С тех пор как в давние времена, в 5-м году Дзинги, при блаженном императоре Сёму, при дворе впервые учредили звания военачальников внутренней стражи (а в 4-м году Дайдо назвали эту стражу дворцовой), не бывало, чтобы родные братья одновременно возглавляли Левую и Правую стражи. Если и случалось подобное — считанные разы за долгие годы, — так бывало это только с отпрысками знатного рода правителей-регентов Фудзивара; но чтобы из других семейств братья одновременно носили столь высокое звание — ни о чем подобном не слыхивали. Ныне же потомкам человека, с которым вельможи в прошлом даже знаться гнушались, высочайшим указом даровано было право являться ко двору в одеждах запретных цветов[37] и сшитых не по уставу: они наряжались в шелка и атлас, в узорчатую парчу; родные братья, совмещая звания военачальника и министра, возглавили Левую и Правую стражи. Пусть приблизился конец света[38], все же это было уж слишком!
Кроме того, было у Киёмори восемь дочерей. Всех удачно выдали замуж. Старшую предназначали в супруги Сигэнори, Тюнагону с улицы Сакуры, но дело свелось только к помолвке, когда невесте исполнилось восемь лет; после смуты годов Хэйдзи помолвку расторгли и выдали девушку замуж за Левого министра Канэмасу. От этого брака родилось множество сыновей.
А Сигэнори прозвали Тюнагоном с улицы Сакуры[39] оттого, что он, больше других любя все прекрасное, насадил в городе большой сад и поселился в красивом доме, построенном среди этого сада. Каждую весну люди приходили сюда любоваться цветами и назвали это место улицей Сакуры. Известно, что цветы сакуры осыпаются на седьмой день, но молва гласит, будто Сигэнори так горевал об их недолгом цветении, что вознес молитвы великой богине Аматэрасу[40], и с тех пор сакура у него цвела три полных недели. Да, в старину не то что ныне — государи правили мудро, оттого и боги являли свою благодать людям, а деревья сакуры обладали душой чувствительной, оттого и цвели в три раза дольше обычного!

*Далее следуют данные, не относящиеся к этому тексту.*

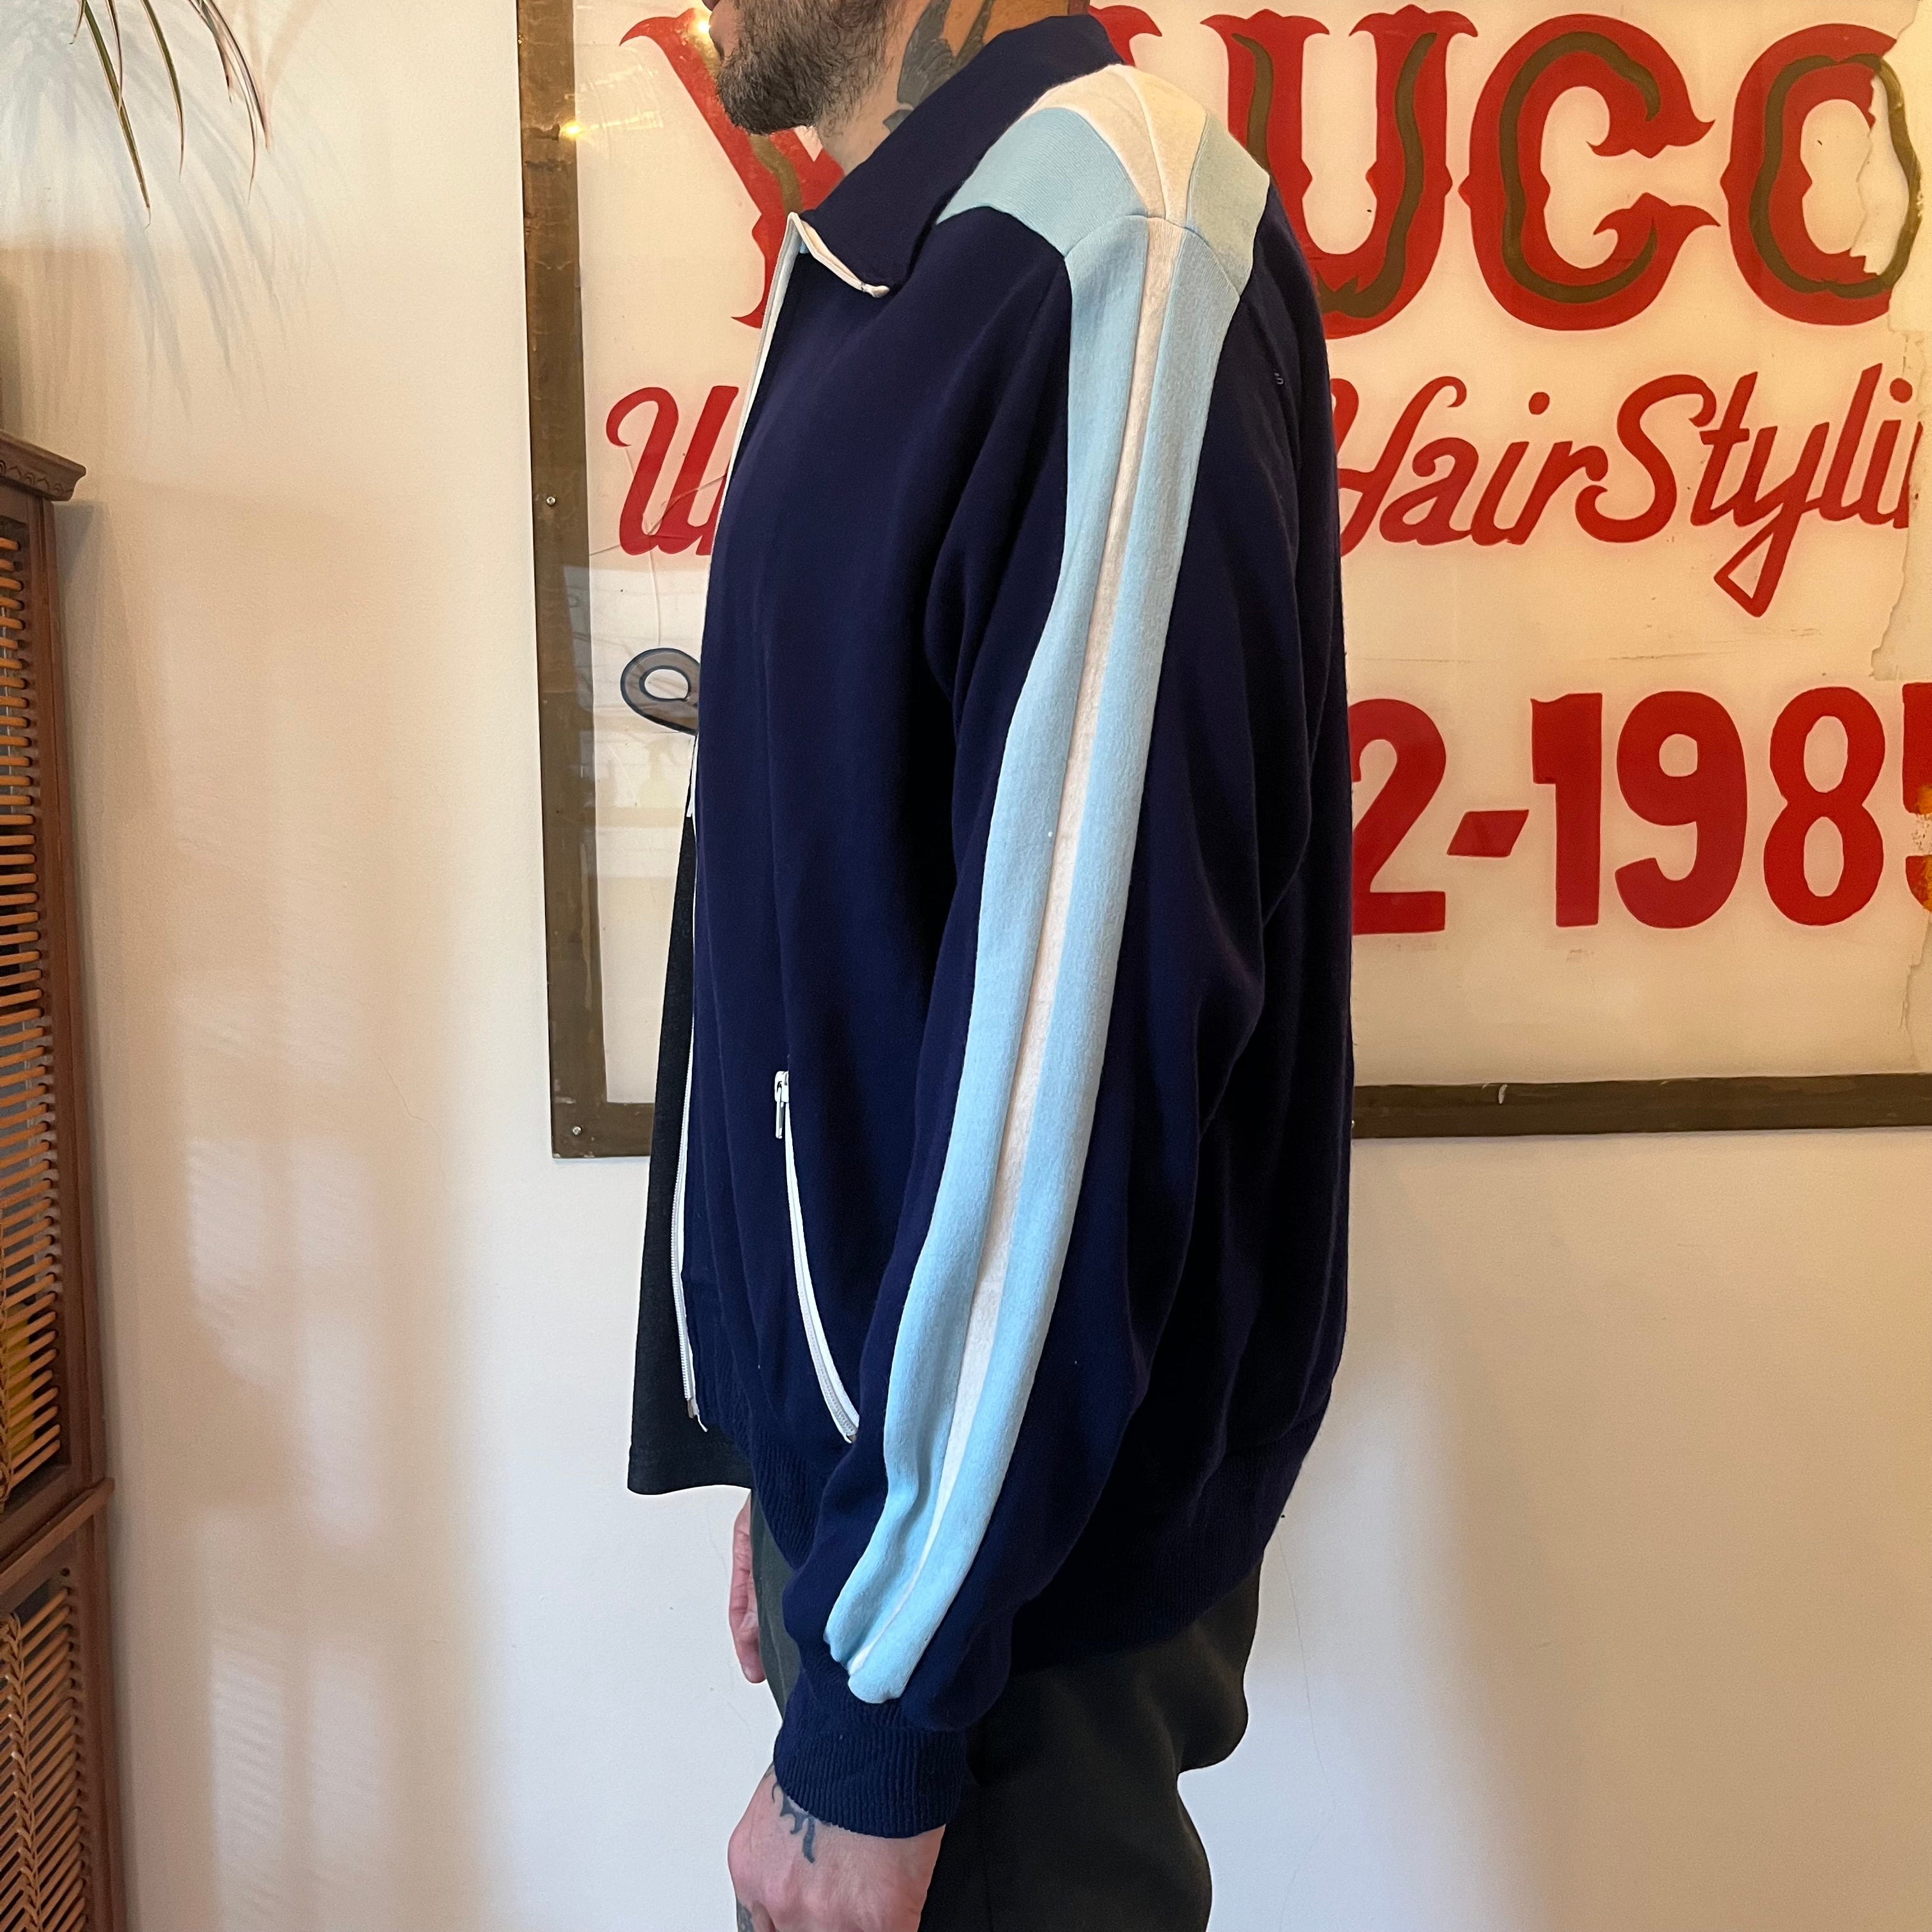 VINTAGE NAVY BLUE AND WHITE TRACK JACKET : REGAL ZIP FRONT

Вторая дочь Киёмори стала императрицей. У нее родился сын, его вскоре объявили наследником, а после его вступления на престол государыне-матери пожаловали титул Кэнрэймонъин[41]. Родная дочь князя Киёмори, Мать страны — что может быть почетнее!
Третья дочь стала супругой регента Мотодзанэ[42]. Ее назначили в воспитательницы к младенцу-императору Такакуре и дали высокое придворное звание. Звали ее госпожа Сиракава, при дворе она считалась очень влиятельной и важной особой. Следующую дочь выдали за канцлера Мотомити[43]. Еще одну — за дайнагона Такафусу, младшую — за Нобутаку, главу Ведомства построек. И еще была у Киёмори дочь от старшей жрицы светлой богини в Ицукусиме[44], что в краю Аки; эта дочь служила государю-иноку Го-Сиракаве и находилась на положении чуть ли не законной супруги младшего ранга[45]. А еще одну дочь родила ему Токива, прислужница вдовствующей государыни Кудзёин; эта дочь состояла в свите Левого министра Канэмасы и носила прозвище Госпожа с Галереи.
Страна наша Япония делится на шестьдесят шесть земель; из них под властью членов семейства Тайра находилось уже свыше тридцати, так что владели они больше чем половиной страны. А сколько было у них, кроме того, личных поместий, сколько полей, и заливных, и сухих, так и не счесть! Нарядные люди толпились в залах; казалось, Рокухара, усадьба Тайра, расцвела яркими цветами, кони и кареты гостей рядами стояли у ворот, и было там оживленно и многолюдно, как на городском торжище. Золото из Янчжоу[46], драгоценная яшма из Цзинчжоу, атлас из Уцзюня, парча из Шуцзяна — все сокровища были здесь на подбор, ни в чем не было недостатка. Широкий помост для плясок и песен, вазы для состязания в метании стрел[47], водоемы, где рыба превращалась в дракона…[48] Пожалуй, ни в одном дворце любого из государей, будь то царствующий владыка или император, уже покинувший трон, не сыщешь подобной роскоши!
6. Гио
Всю Поднебесную средь четырех морей сжимал Правитель-инок в своей деснице; люди бранили его, порицали его поступки, но Правитель-инок, не внимая людской хуле, знай творил дела одно чуднее другого. К примеру, жили в ту пору в столице сестры Гио и Гинё, прославленные певицы и танцовщицы сирабёси, дочери Тодзи, тоже артистки. К Гио, старшей сестре, Правитель-инок воспылал необычайной страстью; немудрено, что и младшую Гинё все почитали и всячески ублажали. Для их матери Тодзи Правитель-инок приказал выстроить дом; каждый месяц доставляли туда сто коку риса и сто канъов[49] денег. Семья жила в богатстве, веселии и довольстве.
Искусство сирабёси зародилось у нас давно, еще в царствование императора Тобы, когда две танцовщицы — Симано Сэндзай и Вакано Маэ — начали петь и плясать на людях. Сперва они выходили в белом мужском кафтане, в высокой придворной шапке, опоясавшись мечом с разукрашенной серебром рукоятью. Представление называлось «Мужская пляска». Постепенно, однако, от шапки и меча отказались, остался только белый кафтан. Оттого и назвали эти выступления сирабёси — пляска в белом.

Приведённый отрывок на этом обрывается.